▶ **Available records**
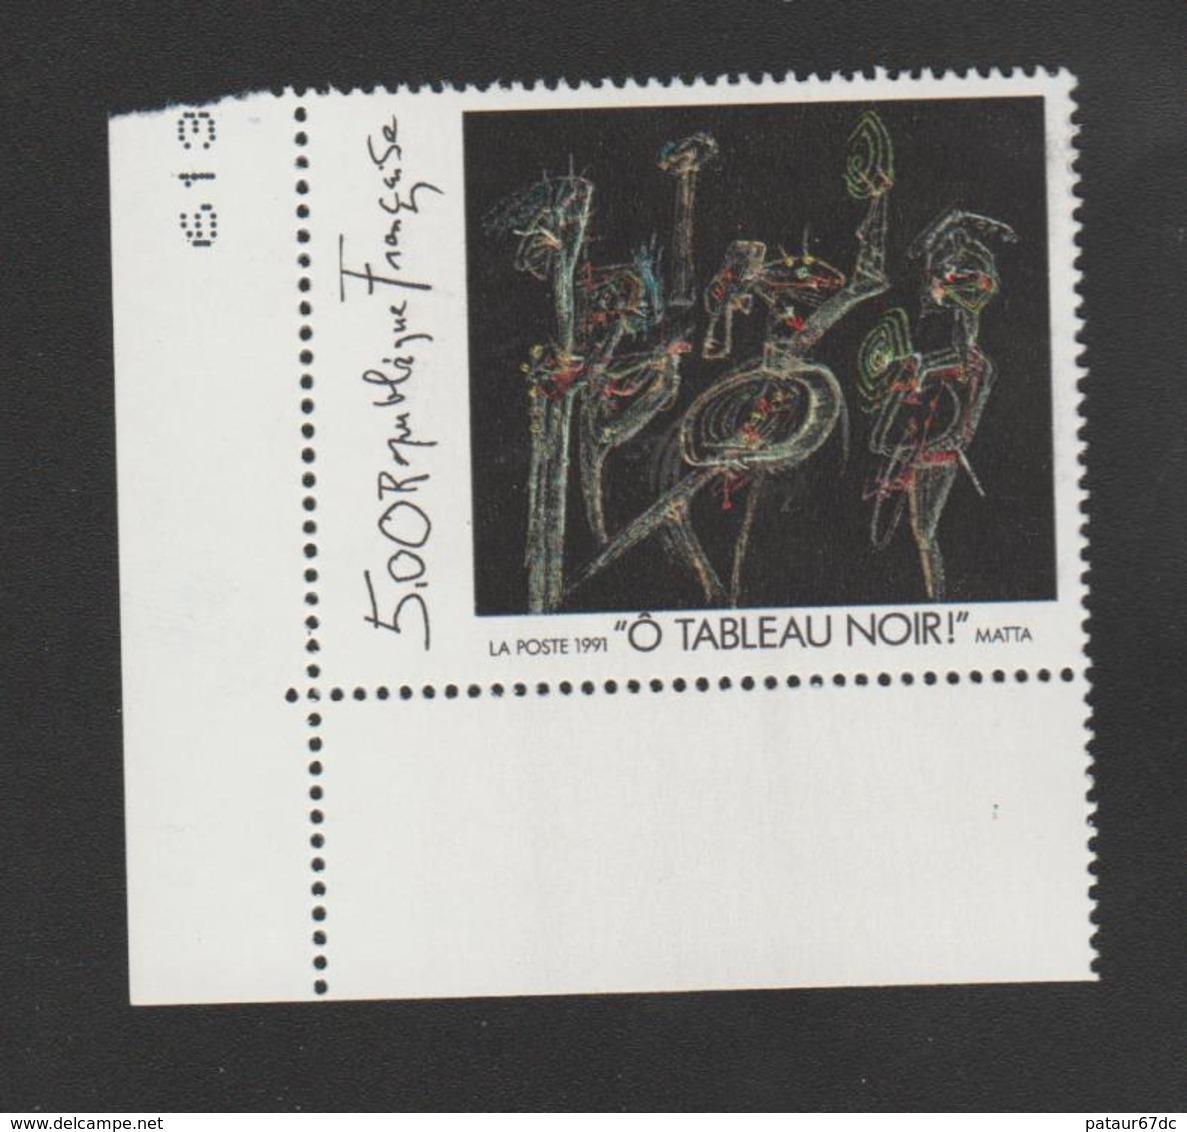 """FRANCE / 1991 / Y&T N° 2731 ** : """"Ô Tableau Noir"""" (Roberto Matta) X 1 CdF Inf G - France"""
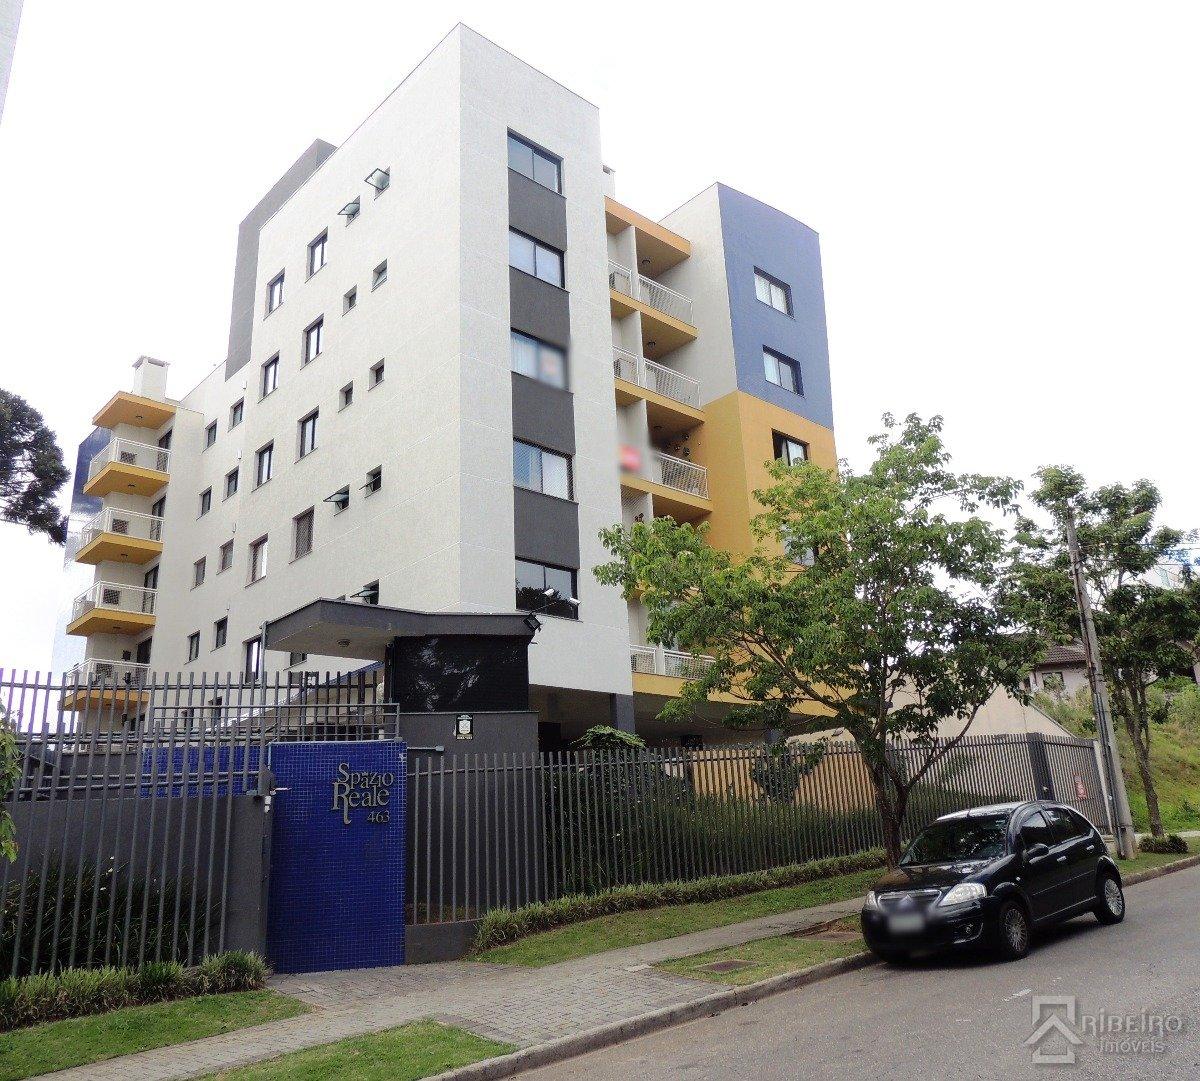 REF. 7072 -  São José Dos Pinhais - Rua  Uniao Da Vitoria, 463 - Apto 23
...
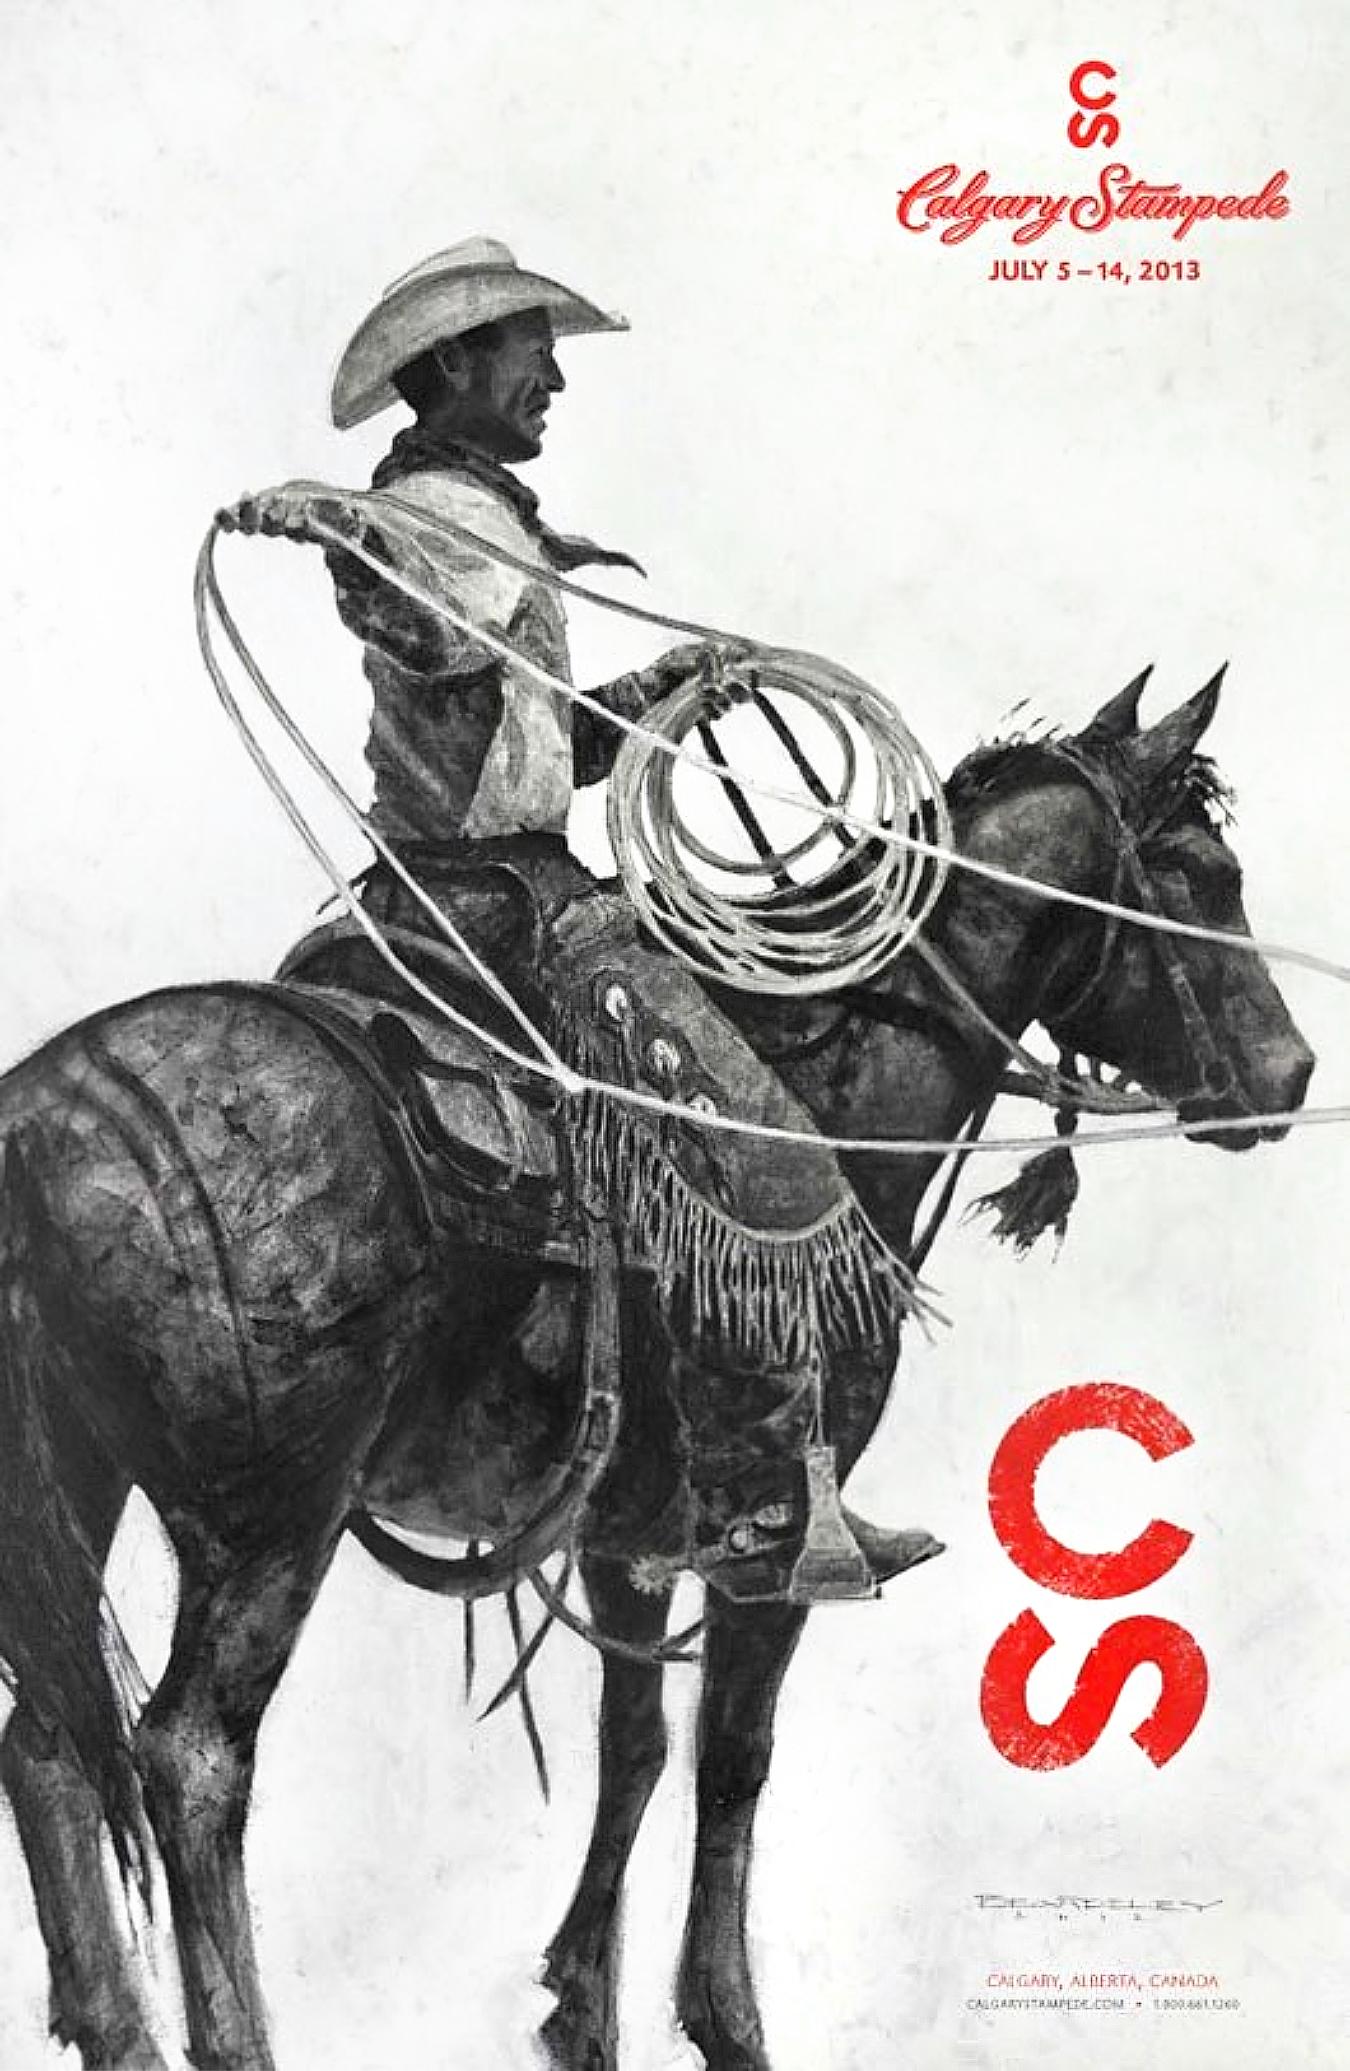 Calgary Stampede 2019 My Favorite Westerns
==
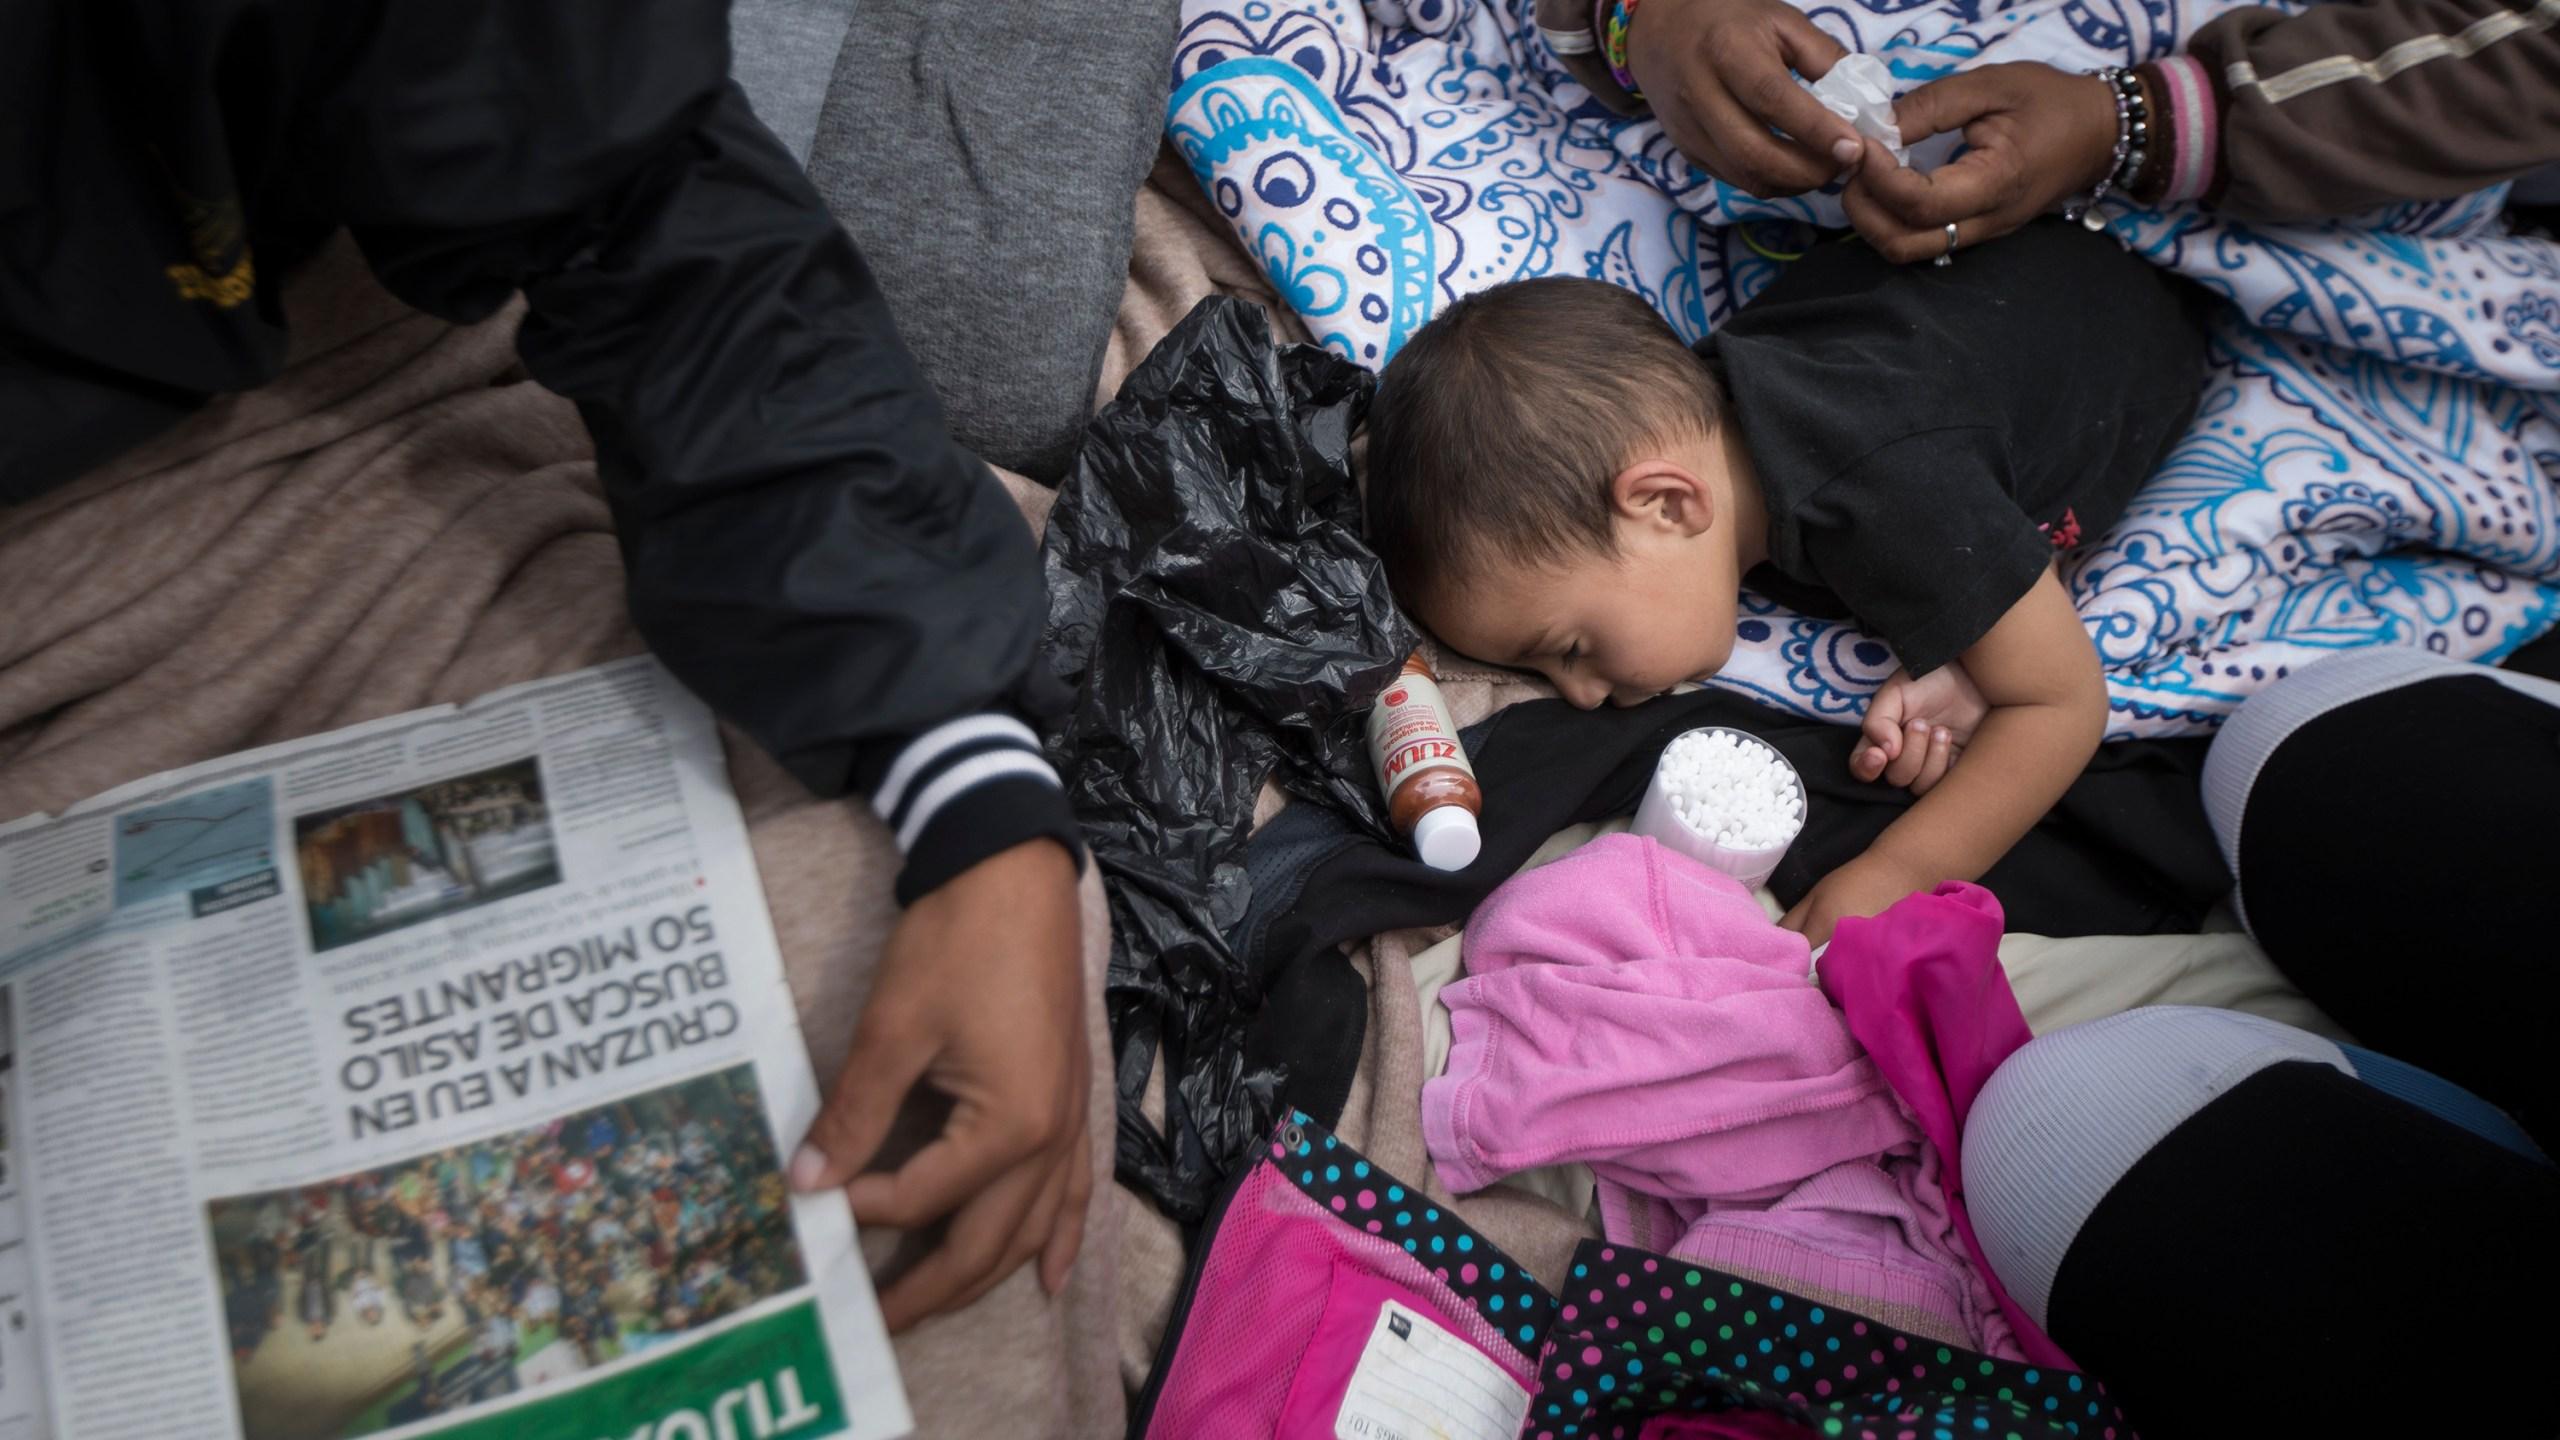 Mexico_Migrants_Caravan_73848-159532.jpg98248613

▶ **Exercise instructions**
Pictures excluded, reproduce only the part above that opens with the line holding "Y&T N° 2731" and closes with the line holding "463 - Apto 23", exactly as written.

▶ **Response box**
 """FRANCE / 1991 / Y&T N° 2731 ** : """"Ô Tableau Noir"""" (Roberto Matta) X 1 CdF Inf G - France"""
 REF. 7072 -  São José Dos Pinhais - Rua  Uniao Da Vitoria, 463 - Apto 23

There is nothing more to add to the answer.